Restic CLI change stopped backups and the importance of checking your backups regularly

tomwaldnz · March 13, 2023, 2:05am

I’m going to start by saying this is not a problem with restic, it’s that I was using restic incorrectly, plus I wasn’t monitoring my backup script output or checking the backup repository. It’s really just a heads up for others.

I discovered today that backups for a couple of my servers haven’t run successfully for about two months. Around that time I likely upgraded to Restic 0.15, which I suspect parses the command line slightly differently from the previous versions of Restic.

Previously this command worked fine.

restic --repo s3:s3.amazonaws.com/s3-bucket-name --no-scan backup /var/www

With v0.15 when you run that you get the error ‘unknown command “/var/www” for “restic”’. When you put the “backup” command at the start of the line, or even just before the “–no-scan” it works fine.
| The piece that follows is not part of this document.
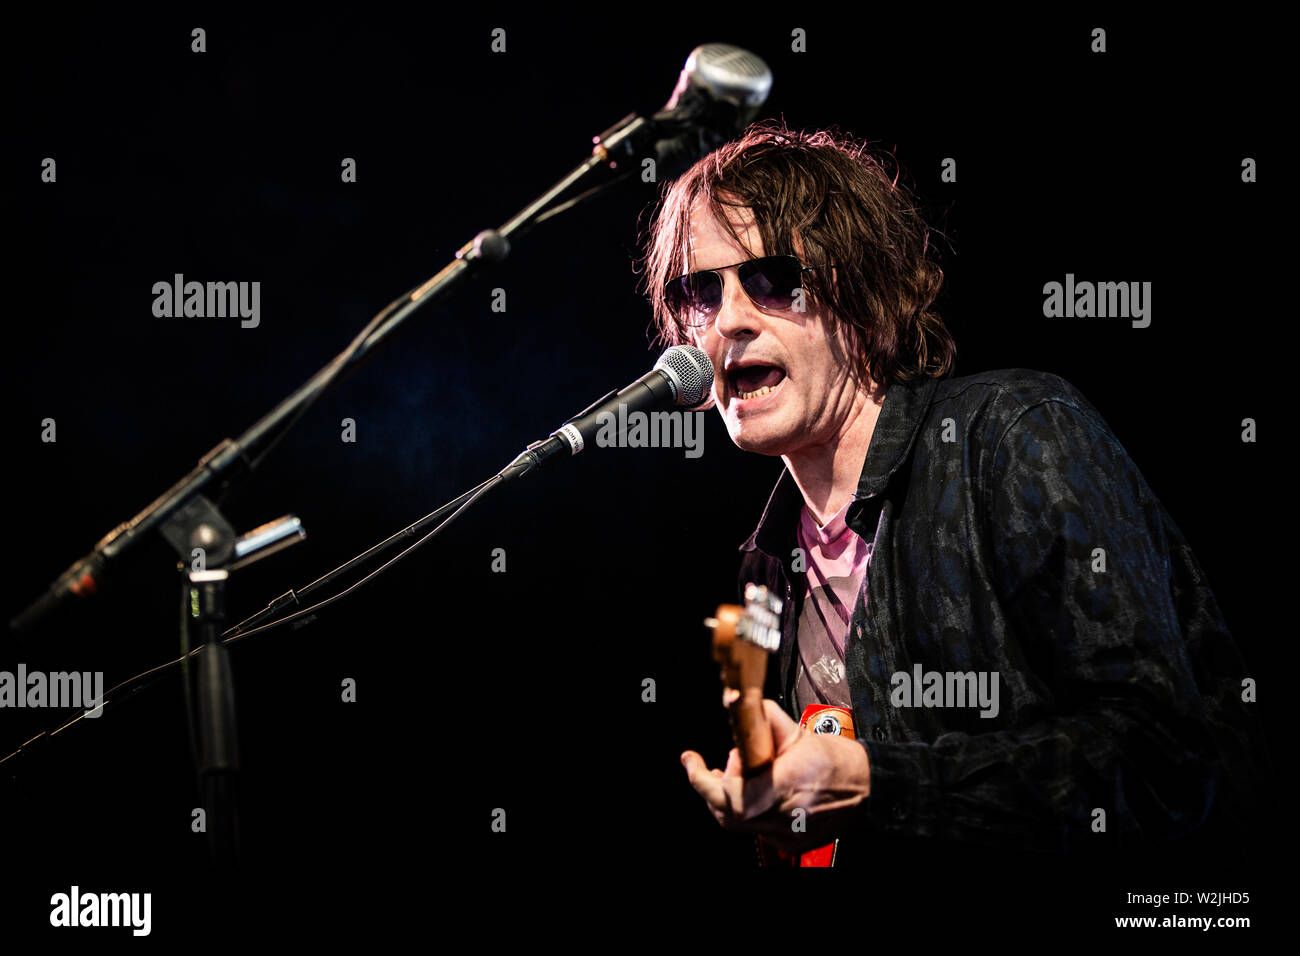 Roskilde, Denmark. July 05th, 2019. The English space rock band Spiritualized performs a live concert during the Danish music festival Roskilde Festival 2019. Here singer and musician Jason Pierce is seen live on stage. (Photo credit: Gonzales Photo - Christian Hjorth). Stock Photo
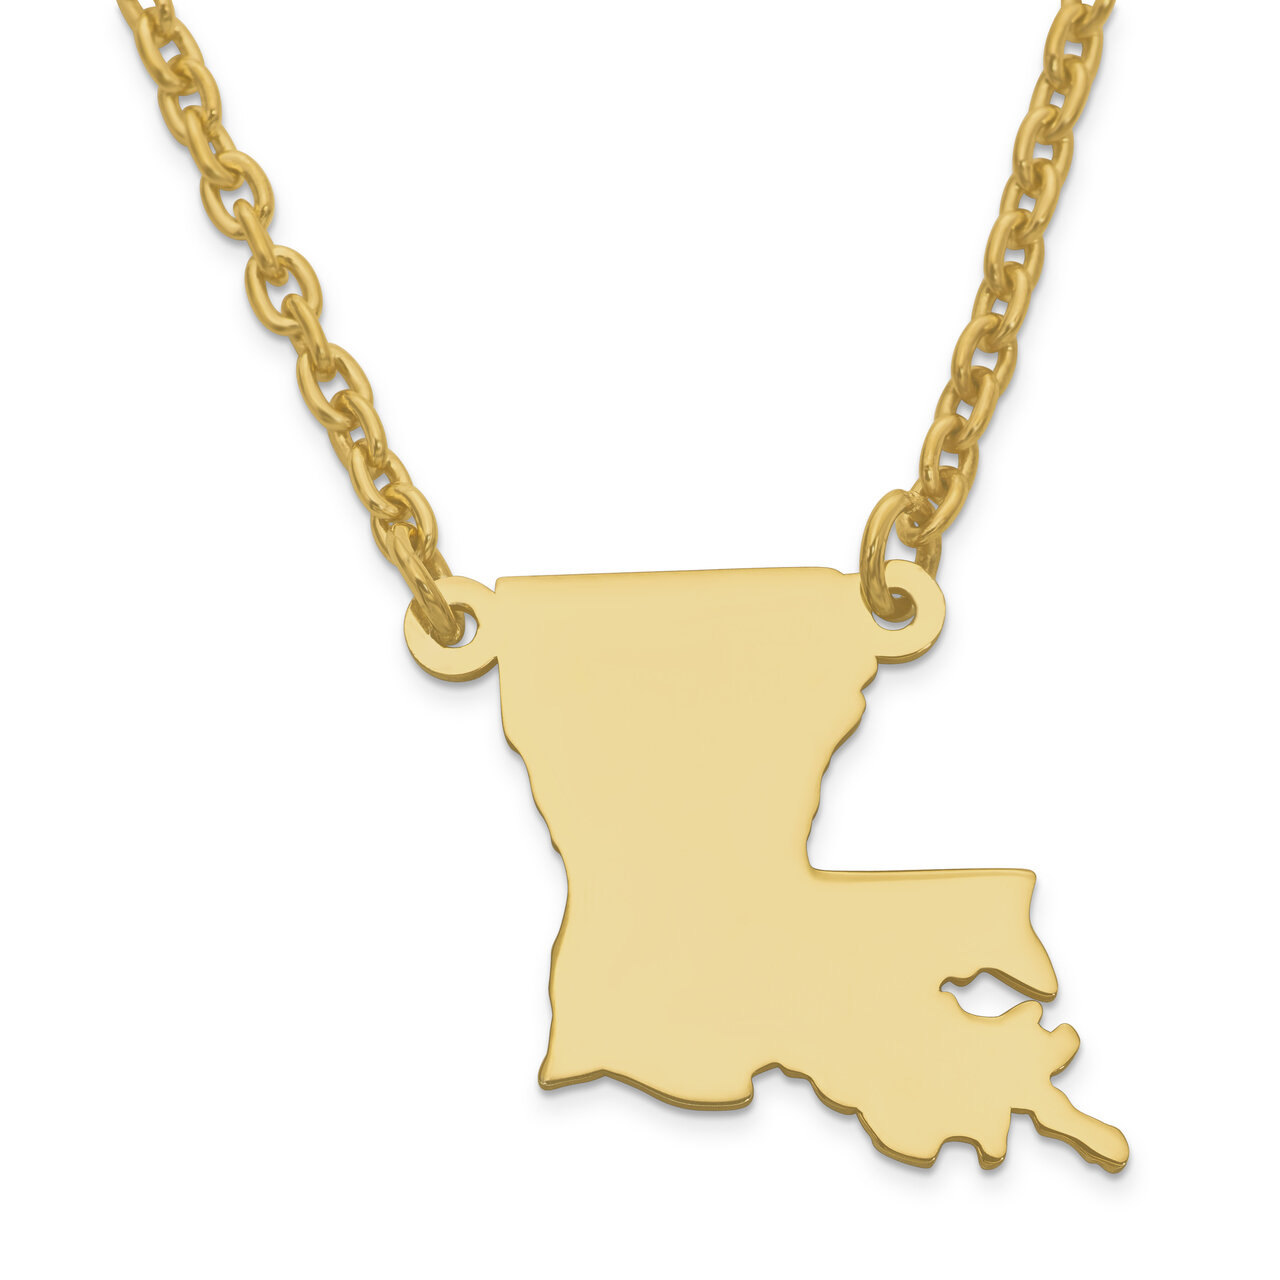 Louisiana State Pendant Necklace with Chain 14k Yellow Gold Engravable XNA706Y-LA

restic backup --repo s3:s3.amazonaws.com/s3-bucket-name --no-scan /var/www

The docs say to do it the second way, so it’s a PEBKAC error, but I wonder if anyone else was caught out by this. Because it’s a CLI tool and I don’t monitor the output of the script, any failures are silent.

I do restore tests every six months, but I should probably do them more regularly - even though these personal servers aren’t critical.

fd0 · March 13, 2023, 6:41am

Hey, thanks for the heads up! We’re trying to keep the command line as compatible as possible when doing releases, so what happened to you should not happen…

I doubt that this command line worked before. The --no-scan option is specific to the backup command and was only introduced in the 0.15.0 release.

Is it maybe possible that somebody saw that in the release changelog and added the option at the wrong place? I’m only suggesting this hypothesis because a) it’s likely and b) it totally could have happened to me

tomwaldnz · March 13, 2023, 7:15am

That’ll be it! I probably half read the documentation and added “no-scan” after the 0.15.0 release without testing it properly.

It’s still a good reminder to test your backups

damoclark · March 30, 2023, 1:32am

Thanks for sharing your cautionary tale. Always a good reminder to monitor backups.

I have been integrating resticprofile into my restic backup setup across a number of hosts. It’s a very good companion to restic.

Apart from providing declarative config files and scheduling, it also has a really neat feature called status-file. For each profile that performs tasks (i.e. backups, forgets, checks, prunes etc), it loads this json-based status file, and merges the results of the current action with a timestamp. Thus, the file maintains the current state of all actions performed by resticprofile in one place. This makes it really easy to monitor the file, not only to detect what the outcome was of the most recent of each action type, but also when each profile action occurred. In other words, you can also detect when backups aren’t being run at all.

I have coupled this with resticprofile’s send-finally option which sends the status file to a centralised monitoring server. Then at a fixed interval, the server scans all the status files of all my hosts and detects: a) errors or failures for profile activities; and b) activities that haven’t run for a specified period.

I’ve tested my setup and it works really well. Within 2 days it detected an edge iot device that became disconnected from the network and didn’t perform its backup. Just sharing with the community.